Странные ощущения: чего бояться в мире, где все идет заведенным порядком? Я не могу дозвониться своей дочери. В сентябре ей исполнилось шестнадцать, она дева по гороскопу. Я почти уверен, что она еще дева. Не думаю, что истерика помогает сосредоточению, надо выбирать. Это природа, и мне кажется, что я весь до краев наполнен горячим чаем:
“Майский. Королевское® сафари. Черный чай в пакетиках. 25 двойных пакетиков с ярлычком (кокетливо как!). Индийская коллекция. Уникальный купаж чаев Севера и Юга (?). Имеет красивый, слегка раздвоенный красноватый настрой средней тяжести… Вкус… в чашку… В чашу… и дайте Высший сорт…” Не могу прочитать: почти ничего сейчас не вижу… Сейчас?
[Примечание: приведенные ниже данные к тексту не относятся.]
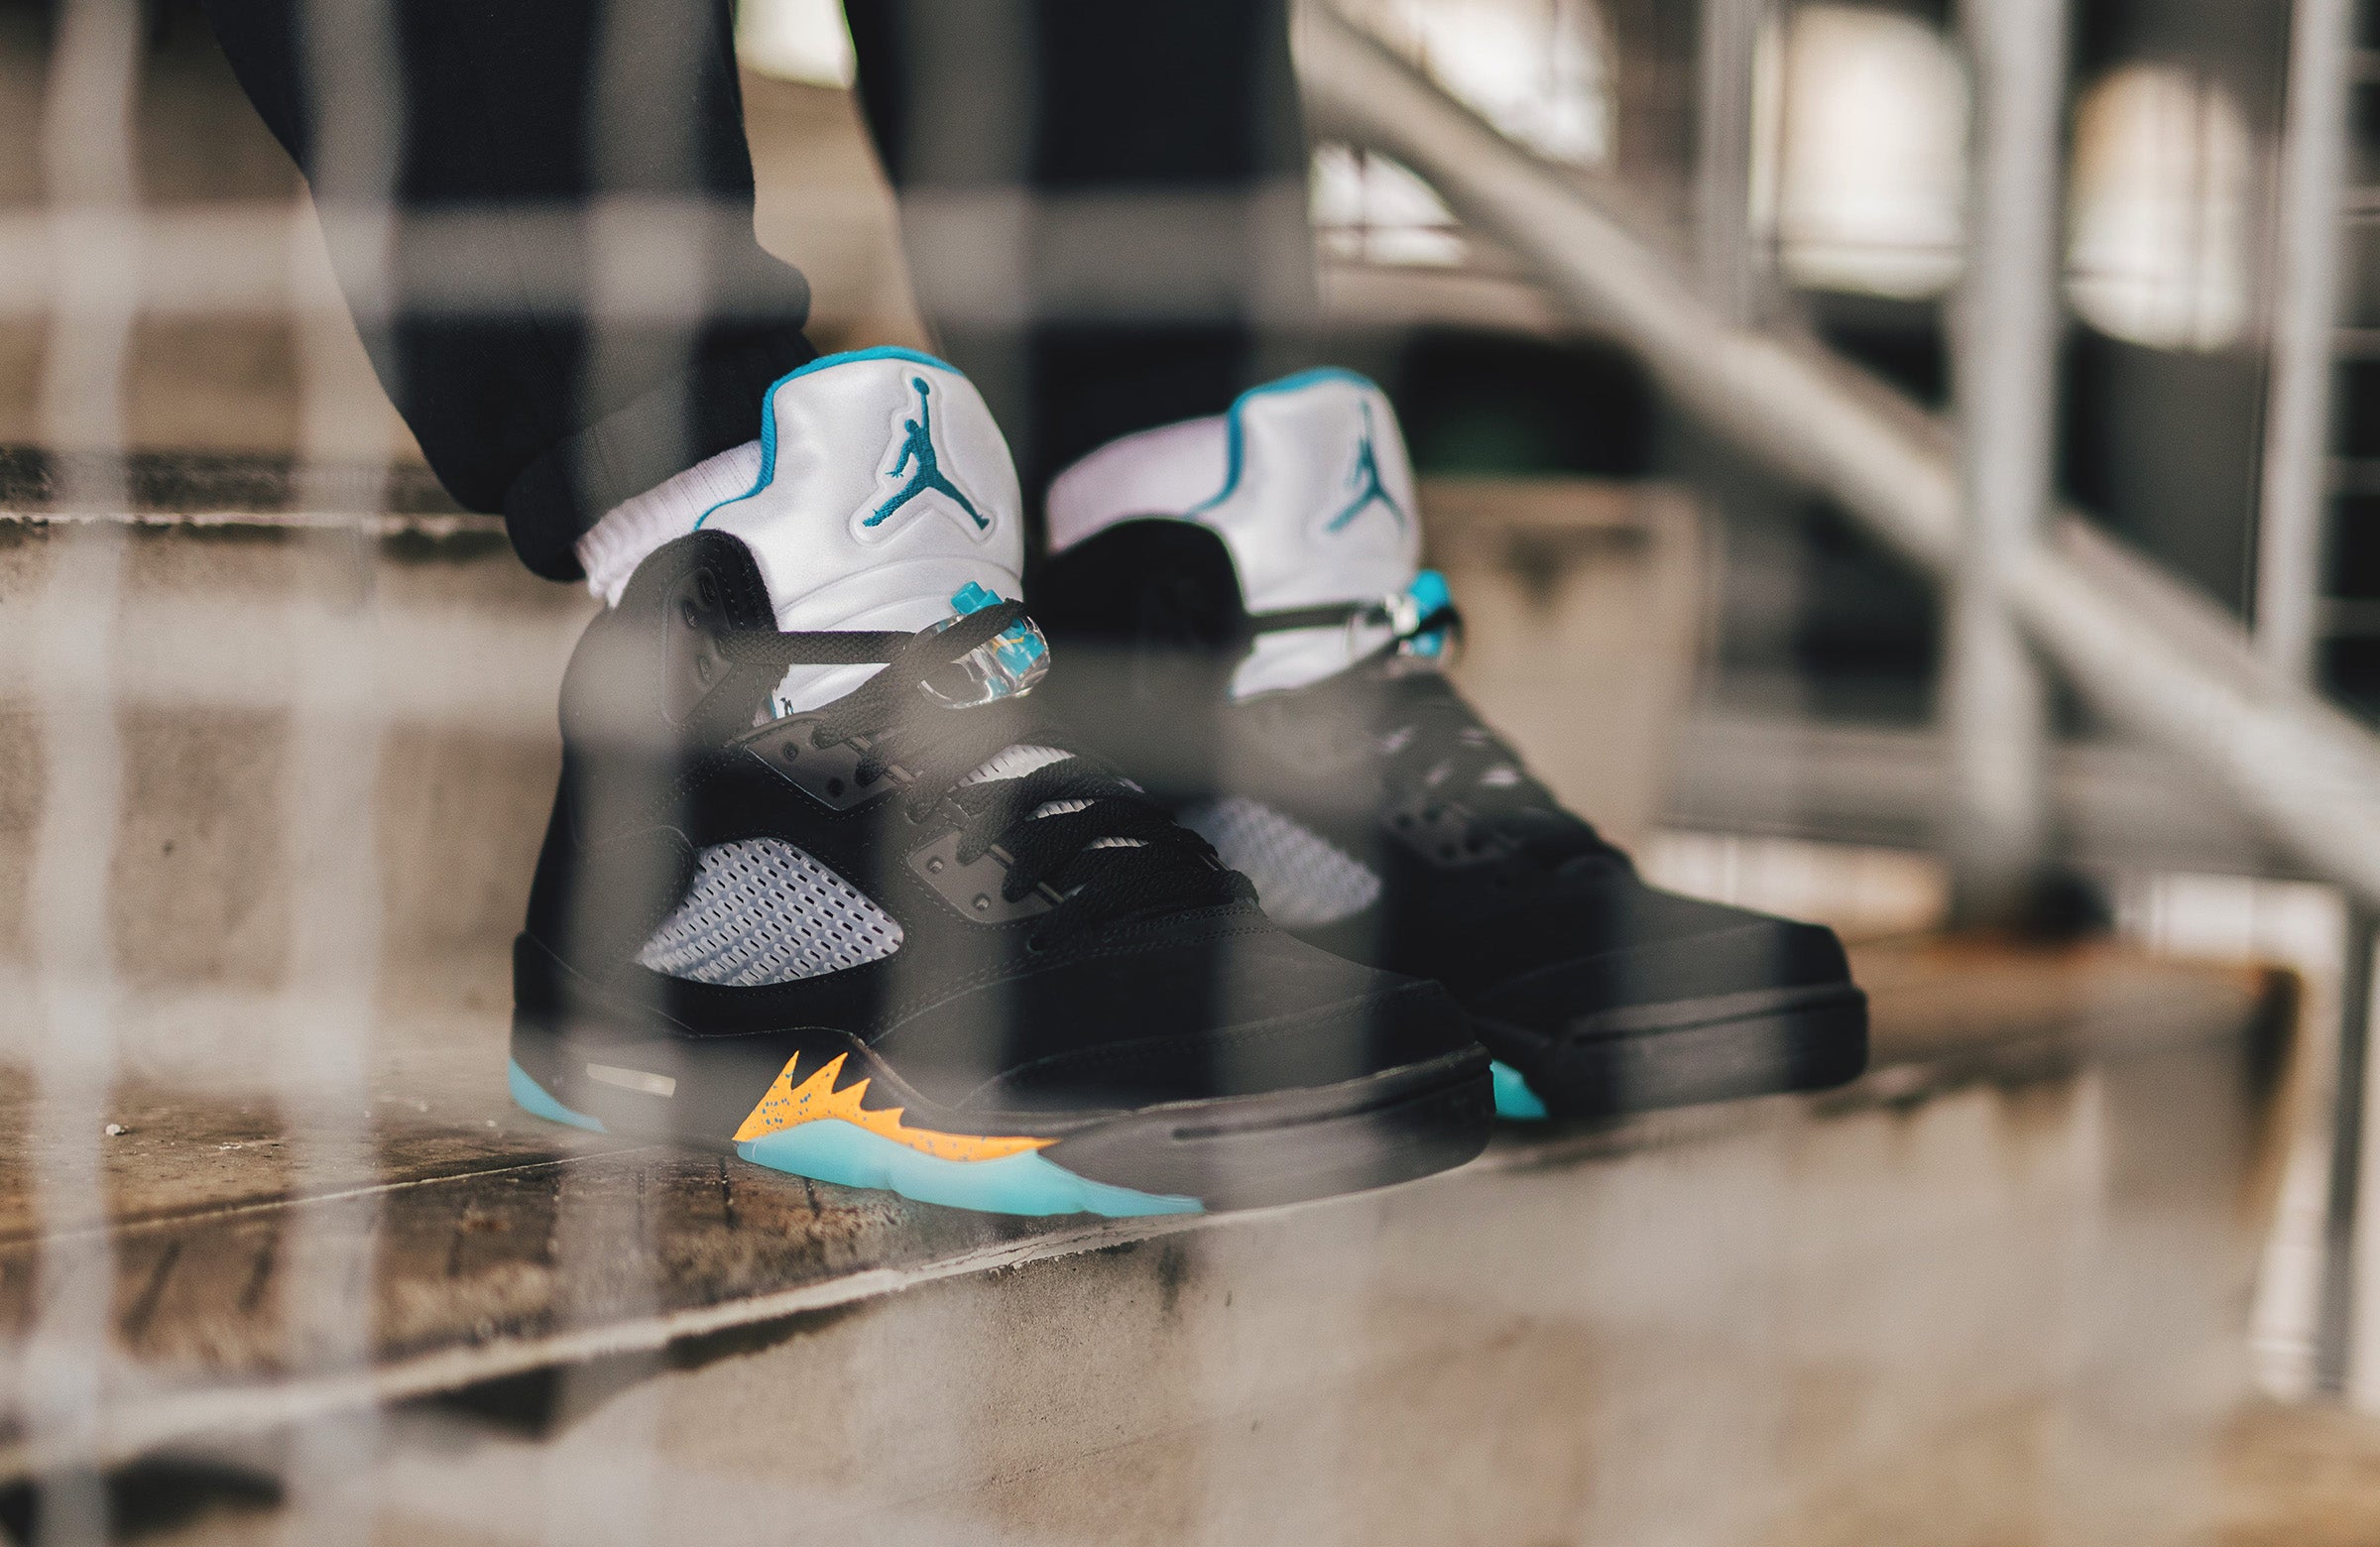 Coming Soon: Air Jordan 5 Retro “Aqua” – DTLR

Тем не менее, холодно… Возможно, у меня жар. Я смотрю на термометр ртутного столба. Если все накапливающиеся симптомы предвещают новый подъем с переворотом, то все опять опустеет, будет пустым сколько-то кому-то угодно как долго-то, без верха и низа, без правого и левого. И даже без завтрашнего снега…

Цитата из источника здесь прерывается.